Comments are attached to AST nodes in three variants:

:leading_comments: Comments that are located before a node, or in the same line.

Examples:

# This is a leading comment
foo # This one too

:trailing_comments: Comments that are located after a node, and before the end of the parent enclosing the node(or the root document).

Examples:

foo
# This is a trailing comment
# This one too

:inner_comments: Comments that are located inside an empty node.

Examples:

foo do
  # This is an inner comment
end

[
  # This is an inner comment
]

%{
  # This is an inner comment
}

A comment may be considered inner or trailing depending on wether the enclosing node is empty or not. For example, in the following code:

foo do
  # This is an inner comment
end

The comment is considered inner because the do block is empty. However, in the following code:

foo do
  bar
  # This is a trailing comment
end

The comment is considered trailing to bar because the do block is not empty.

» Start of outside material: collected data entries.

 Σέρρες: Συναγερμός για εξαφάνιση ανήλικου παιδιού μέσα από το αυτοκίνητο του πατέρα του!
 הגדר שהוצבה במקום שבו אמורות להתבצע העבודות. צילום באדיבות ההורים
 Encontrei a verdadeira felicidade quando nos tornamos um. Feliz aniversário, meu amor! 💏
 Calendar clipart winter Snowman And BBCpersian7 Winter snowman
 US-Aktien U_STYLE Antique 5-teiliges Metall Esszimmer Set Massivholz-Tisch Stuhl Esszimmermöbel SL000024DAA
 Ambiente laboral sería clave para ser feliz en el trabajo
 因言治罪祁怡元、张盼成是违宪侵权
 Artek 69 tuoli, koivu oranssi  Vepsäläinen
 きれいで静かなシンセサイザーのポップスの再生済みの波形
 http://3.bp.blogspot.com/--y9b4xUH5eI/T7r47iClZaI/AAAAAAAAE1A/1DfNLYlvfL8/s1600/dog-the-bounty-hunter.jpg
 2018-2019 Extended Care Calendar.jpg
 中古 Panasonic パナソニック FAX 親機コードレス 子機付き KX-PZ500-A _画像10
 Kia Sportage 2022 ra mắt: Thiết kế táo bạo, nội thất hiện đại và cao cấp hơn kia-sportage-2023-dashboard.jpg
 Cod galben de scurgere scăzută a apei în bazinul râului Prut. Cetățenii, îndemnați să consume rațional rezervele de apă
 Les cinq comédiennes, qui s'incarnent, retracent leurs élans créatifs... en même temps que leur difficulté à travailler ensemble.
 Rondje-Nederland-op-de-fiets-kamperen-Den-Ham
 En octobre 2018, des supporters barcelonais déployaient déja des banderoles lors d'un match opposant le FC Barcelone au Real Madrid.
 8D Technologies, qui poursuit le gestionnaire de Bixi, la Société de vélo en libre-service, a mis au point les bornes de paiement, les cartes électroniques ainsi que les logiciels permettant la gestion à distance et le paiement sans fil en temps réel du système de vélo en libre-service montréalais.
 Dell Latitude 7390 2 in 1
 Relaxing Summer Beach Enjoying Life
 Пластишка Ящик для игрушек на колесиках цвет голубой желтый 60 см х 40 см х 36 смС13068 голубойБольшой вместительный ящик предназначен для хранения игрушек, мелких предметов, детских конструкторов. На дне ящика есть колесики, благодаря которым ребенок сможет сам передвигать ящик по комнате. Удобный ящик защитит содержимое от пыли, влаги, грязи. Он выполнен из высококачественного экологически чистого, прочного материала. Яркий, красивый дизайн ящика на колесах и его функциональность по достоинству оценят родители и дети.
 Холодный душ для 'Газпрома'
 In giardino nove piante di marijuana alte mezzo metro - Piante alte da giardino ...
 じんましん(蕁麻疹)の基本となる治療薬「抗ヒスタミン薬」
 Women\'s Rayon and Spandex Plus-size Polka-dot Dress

In the case no nodes are present in the AST but there are comments, they are inserted into the root :__block__ node as :inner_comments.

Many of the ideas here come from Sourceror, which takes inspiration for the recast parser. In recast, comments are attached to nodes with the leading and trailing boolean flags. If a comment has both attributes set to false, it represents an "inner" comment. For the sake of clarity I decided to define it explicitly for the Elixir AST.
An additional difference is that recast stores all the comments(leading, trailing, inner) mixed together under a single comments field. I find that separating them to be cleaner and easier to work with, since you don't have to split or filter the list to get a certain kind of comment from a node.

Different from Sourceror which supports only :leading_comments and :trailing_comments, it introduces :inner_comments to remove the ambiguity between comments before the end keyword, and comments after an expression. This also becomes important when working on the formatter code, as it is very awkward to inject inner comments after the call args were already converted to algebra docs. The Sourceror implementation relies on the formatter behavior to produce ast and comments that the formatter would interpret correctly, meaning it can get away with a sub-optimal comment merging strategy; it only needs the formatter to work. This PR on the contrary tries to attach comments where they make the most sense, and updates the formatter accordingly instead of wrangling with comment line numbers.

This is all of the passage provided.